Essential oil extraction was performed according to Bernabé-Antonio et al. (2015) with slight modifications. Briefly, 1.5 g of fine powder of seeds, leaves and calli were soxhleted using 250 ml of hexane. The extraction was performed in three cycles of 24 h each at room temperature. The extracts were then dried using rotatory vacuum evaporator then stored at 4 °C until use.

Total phenolic content

For methanolic extracts, the total phenols were determined according to Yesil-Celiktas et al. (2007) with some modifications. Briefly, 14 mg of the methanolic extract was mixed with 2 ml methanol.

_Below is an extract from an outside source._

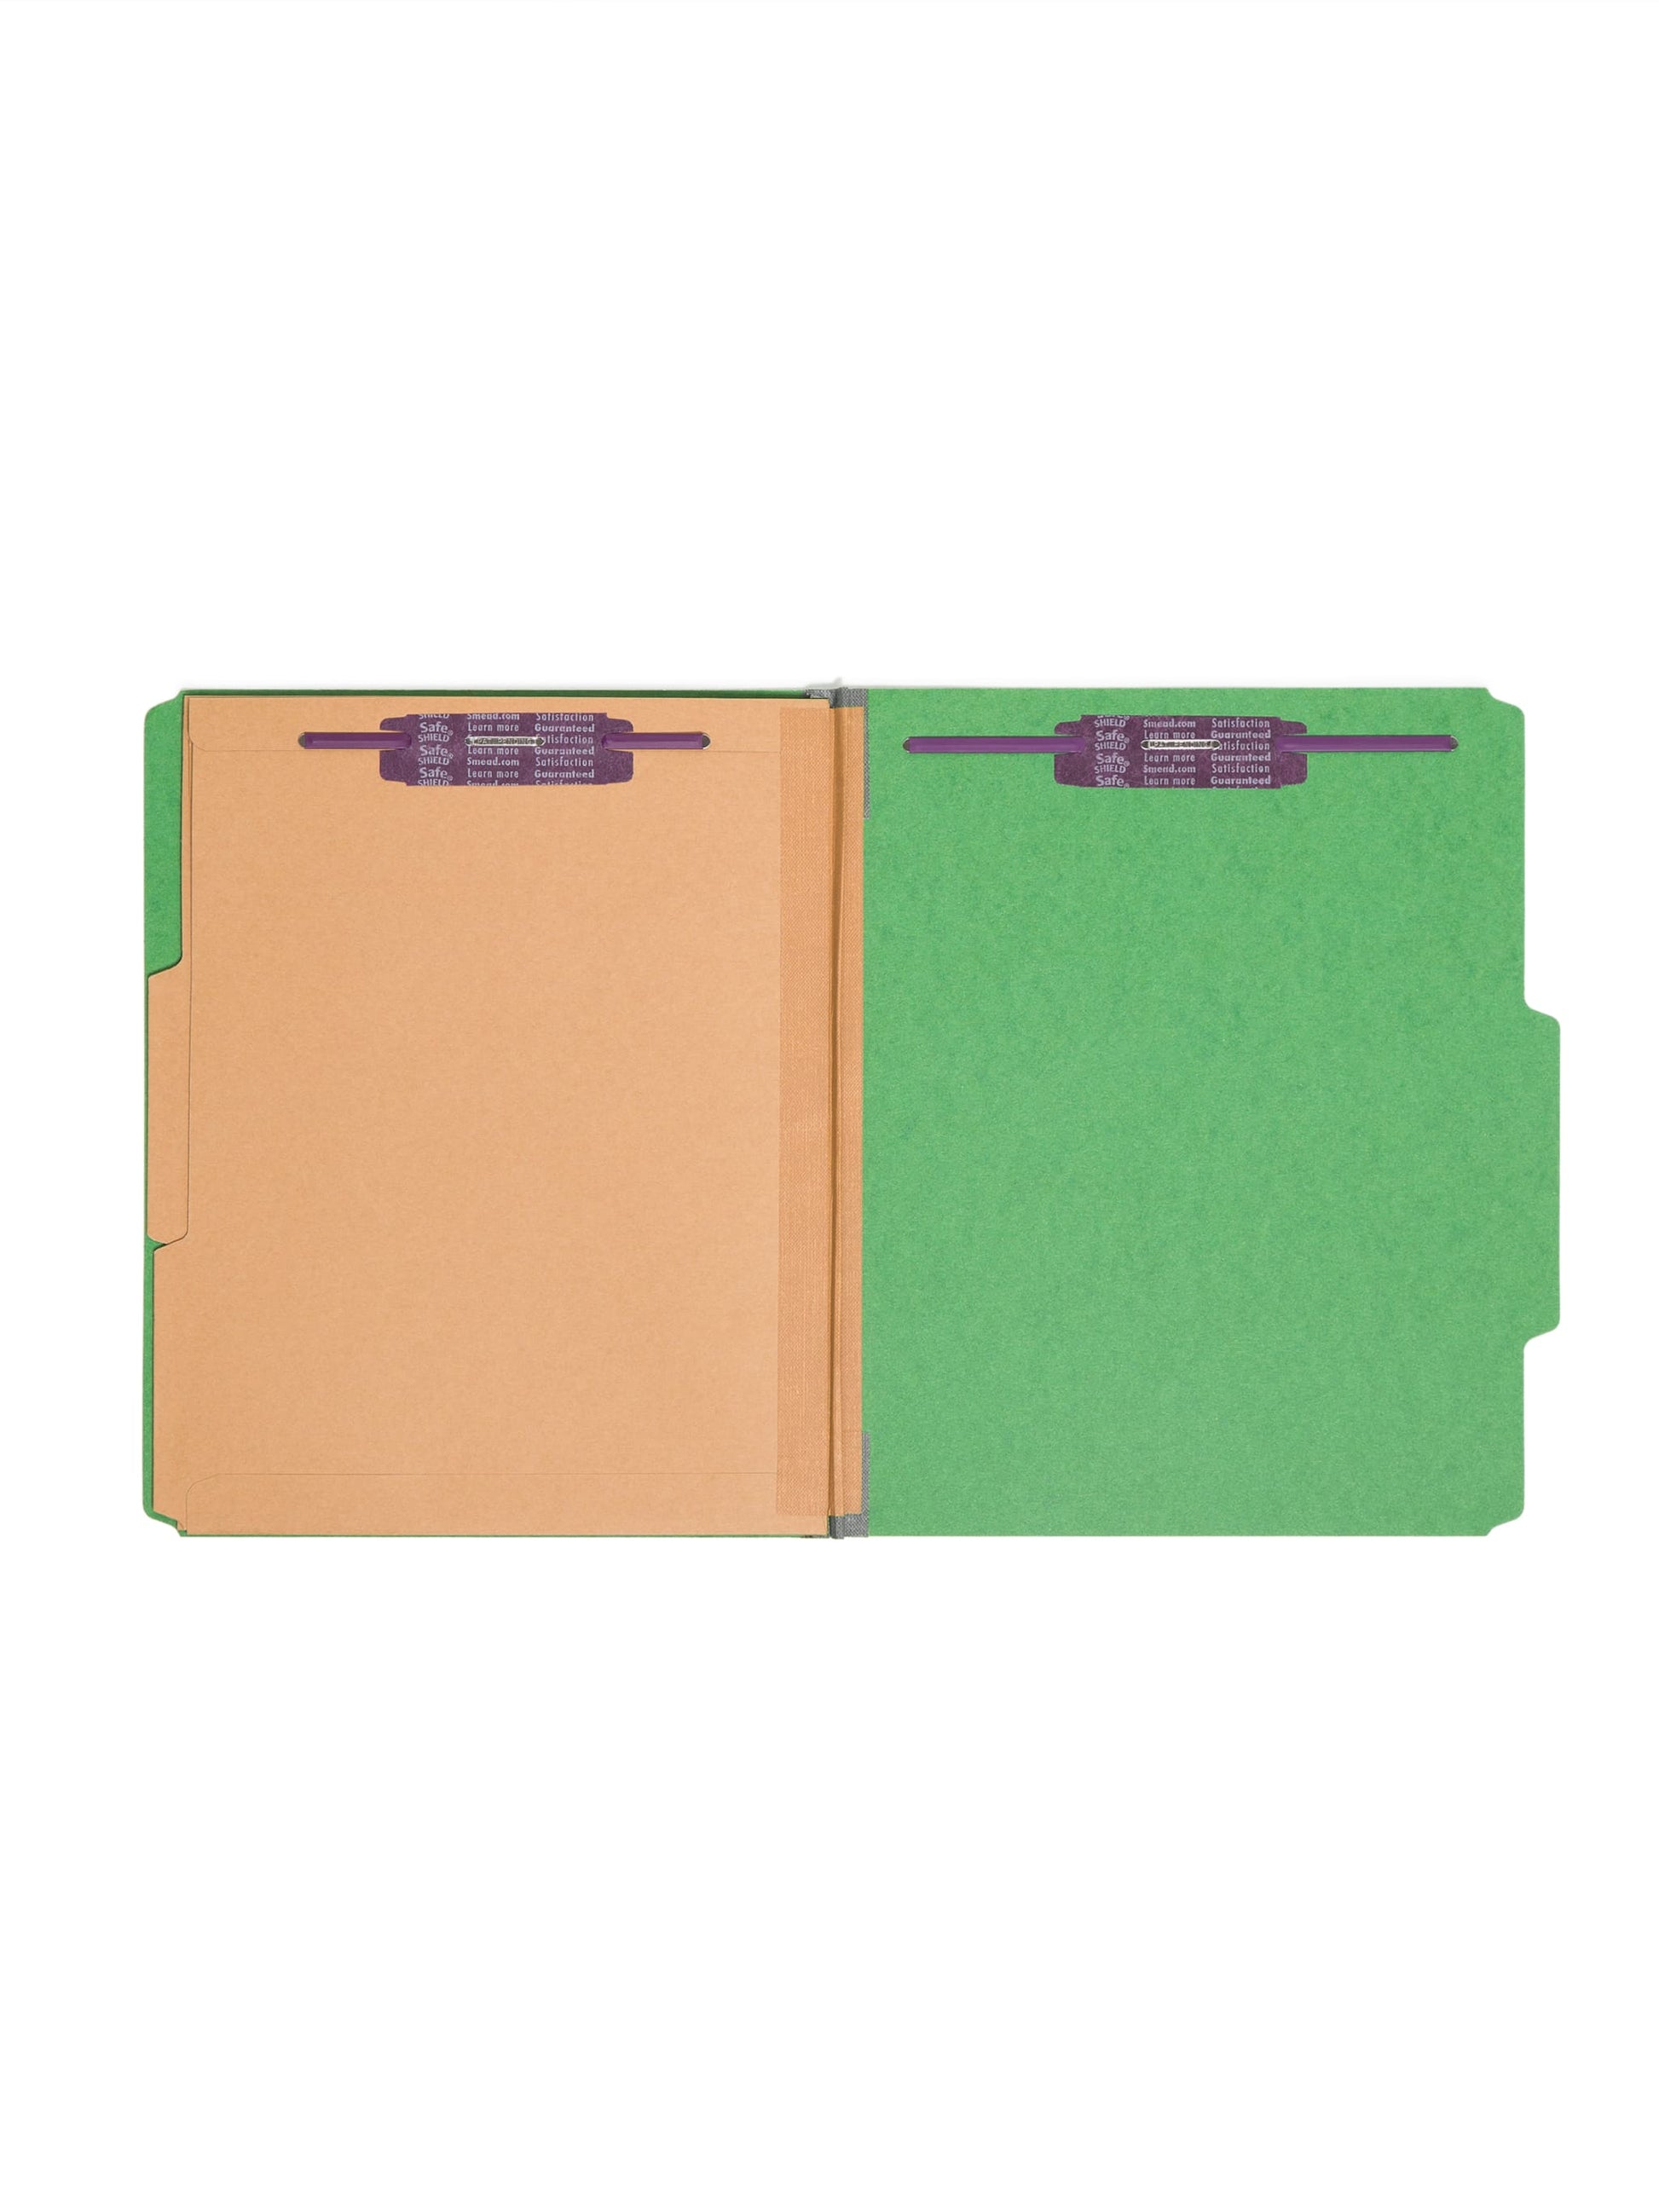 SafeSHIELD® Pressboard Classification File Folders with Pocket Dividers, Green Color, Letter Size, Set of 0, 30086486140837
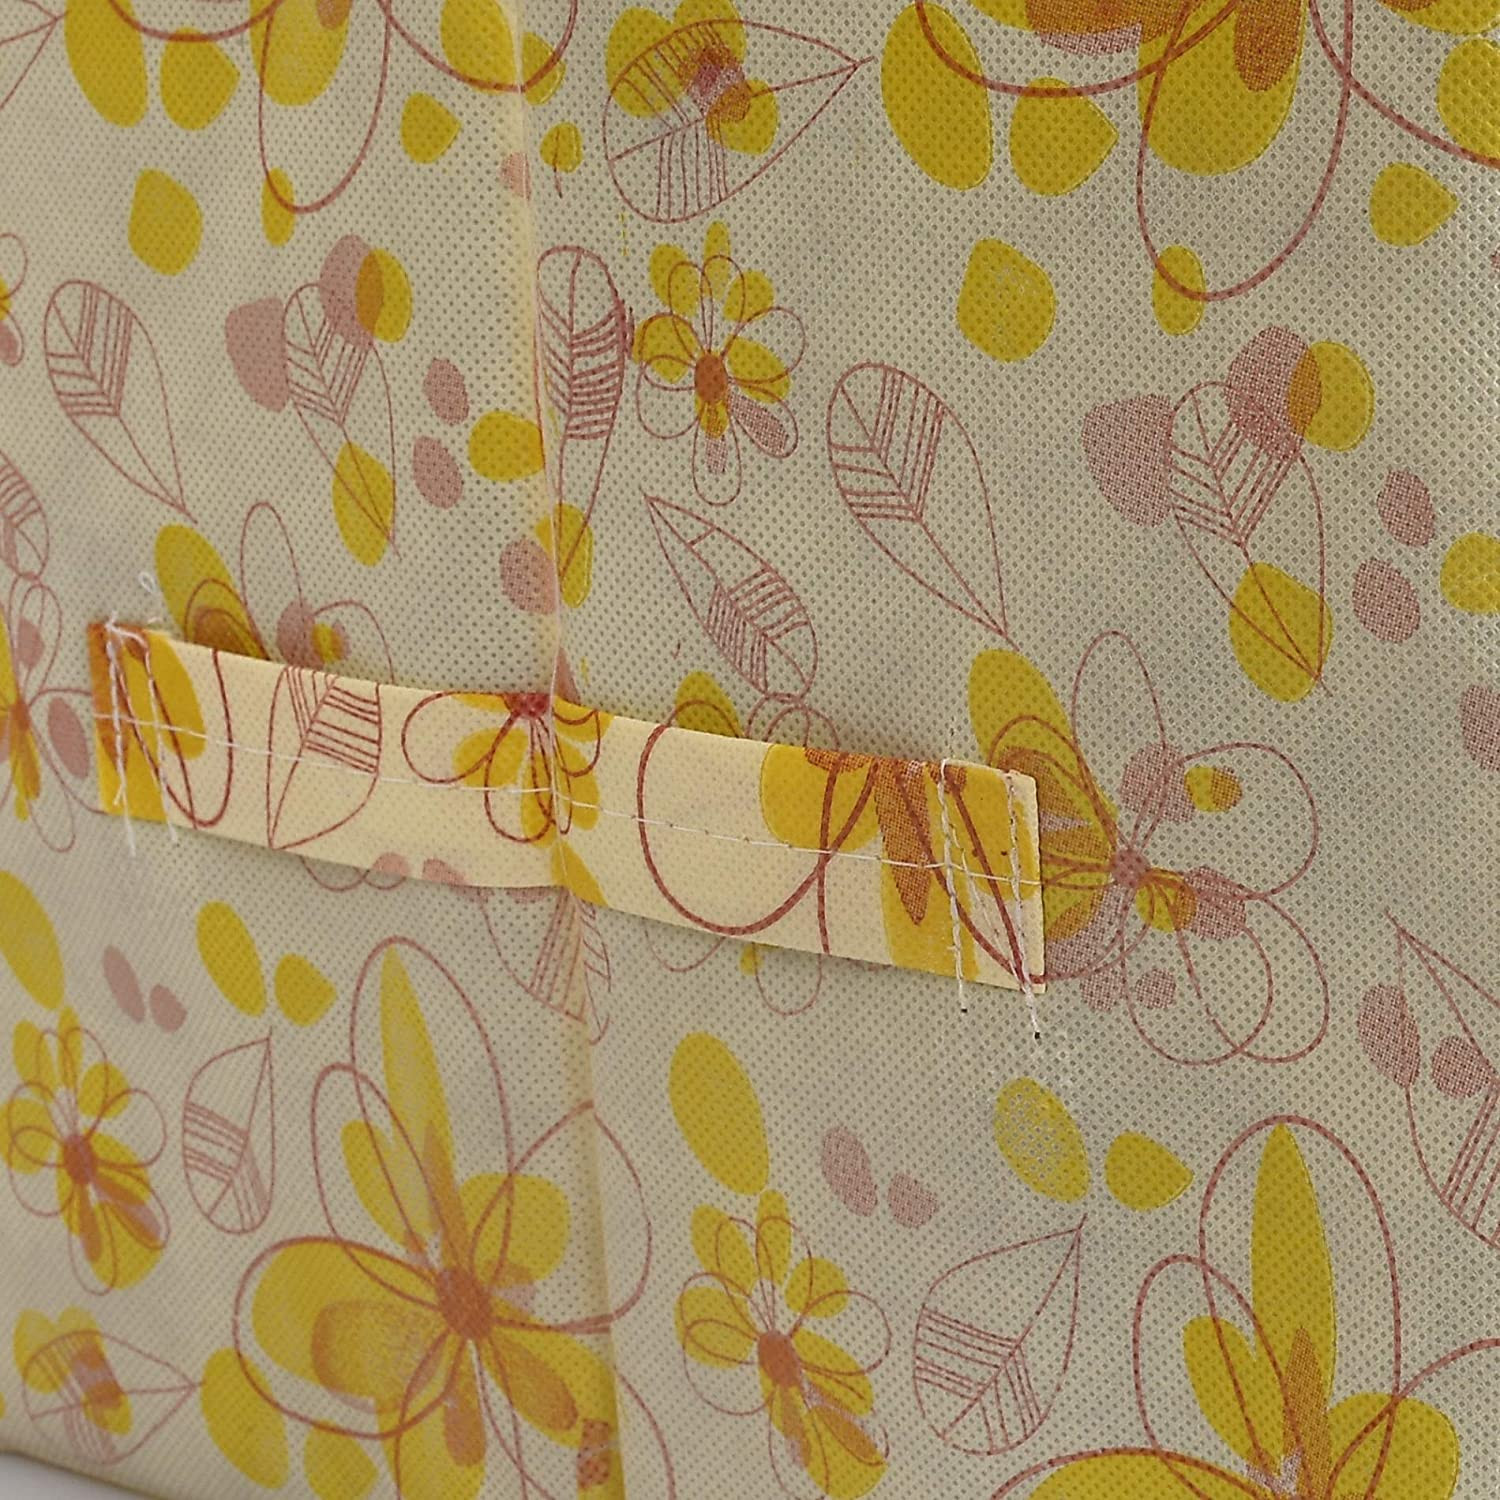 Kuber Industries Flower Design Foldable Rectangle Cloth Saree Stacker Cloth Wardrobe Organizer (Yellow)

Afterwards, a 10-µl aliquot was mixed with ultrapure water and 0.5 ml of Folin–Ciocalteu reagent. The solution was shaken vigorously by vortex then left to stand for 5 min. The mixture was neutralized with a solution of 1.5 ml saturated sodium carbonate, shaken vigorously then left to stand again for 1 h at ambient temperature. Absorbance was spectrophotometrically determined at 760 nm.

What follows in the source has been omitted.